Your main function is not calling find_root but it should.
You need to compile with all warnings & debug info (gcc -Wall -Wextra -g) then use a debugger (gdb) to run your code step by step to understand the behavior of your program, so compile with
gcc -Wall -Wextra -g yoursource.c -lm -o yourbinary
or with
clang -Wall -Wextra -g yoursource.c -lm -o yourbinary
then learn how to use gdb (e.g. run gdb ./yourbinary ... and later ./yourbinary without a debugger)
Then you'll think and improve the source code and recompile it, and debug it again. And repeat that process till you are happy with your program.
BTW, you'll better end your printf format strings with \n or learn about fflush(3)
Don't forget to read the documentation of every function (like printf(3) ...) that you are calling.
You might want to give some arguments (thru your main(int argc, char**argv) ...) to your program. You could use atof(3) to convert them to a double
Read also about undefined behavior, which you should always avoid.

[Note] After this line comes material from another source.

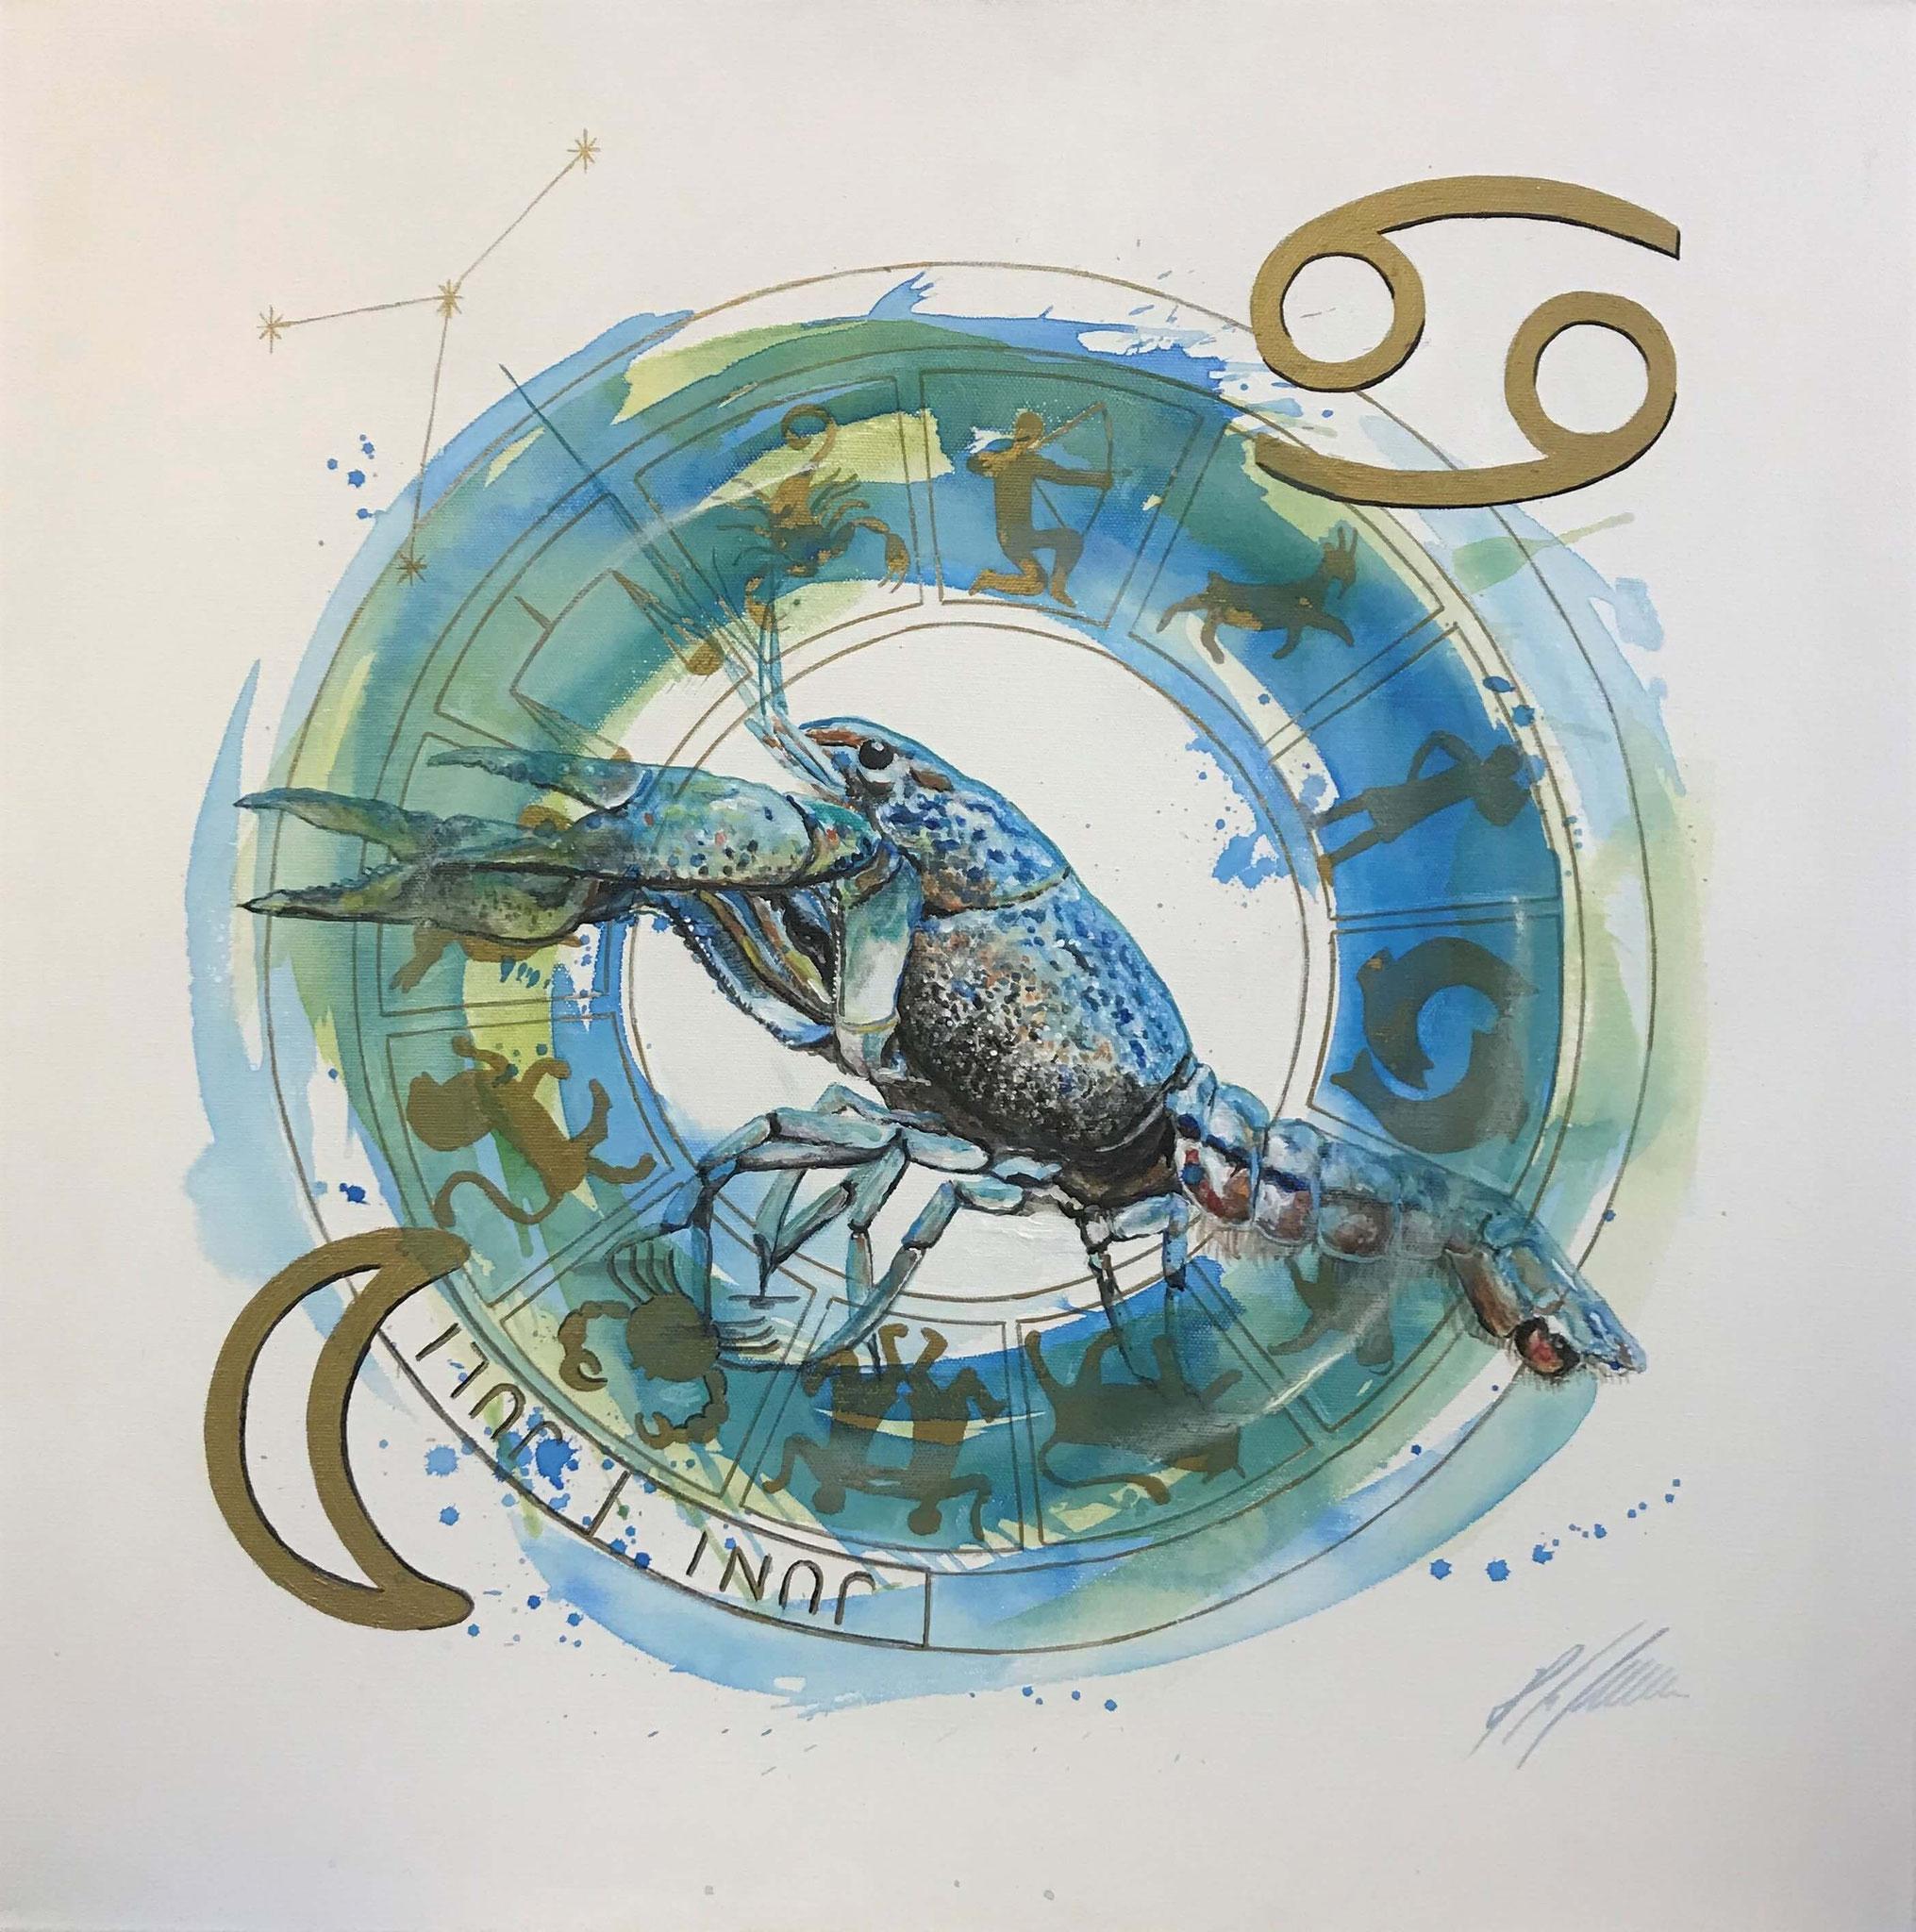 "Fr. 480.00 ""Krebs, Serie modern"" Acryl auf Leinwand mit Rahmen 60 x 60 cm."

BTW, you can use any standard C compiler (and editor like emacs or gedit) for your homework, e.g. use gcc or clang on your Linux laptop (then use gdb ...). You don't need a specific seashell
Change this condition
if (root1<=q || root1>=p)
to
if (root1<=q && root1>=p)
otherwise if anyone of the conditions is satisfied, root1 will be returned and root2 will almost never be returned. Hope this fixes your problem.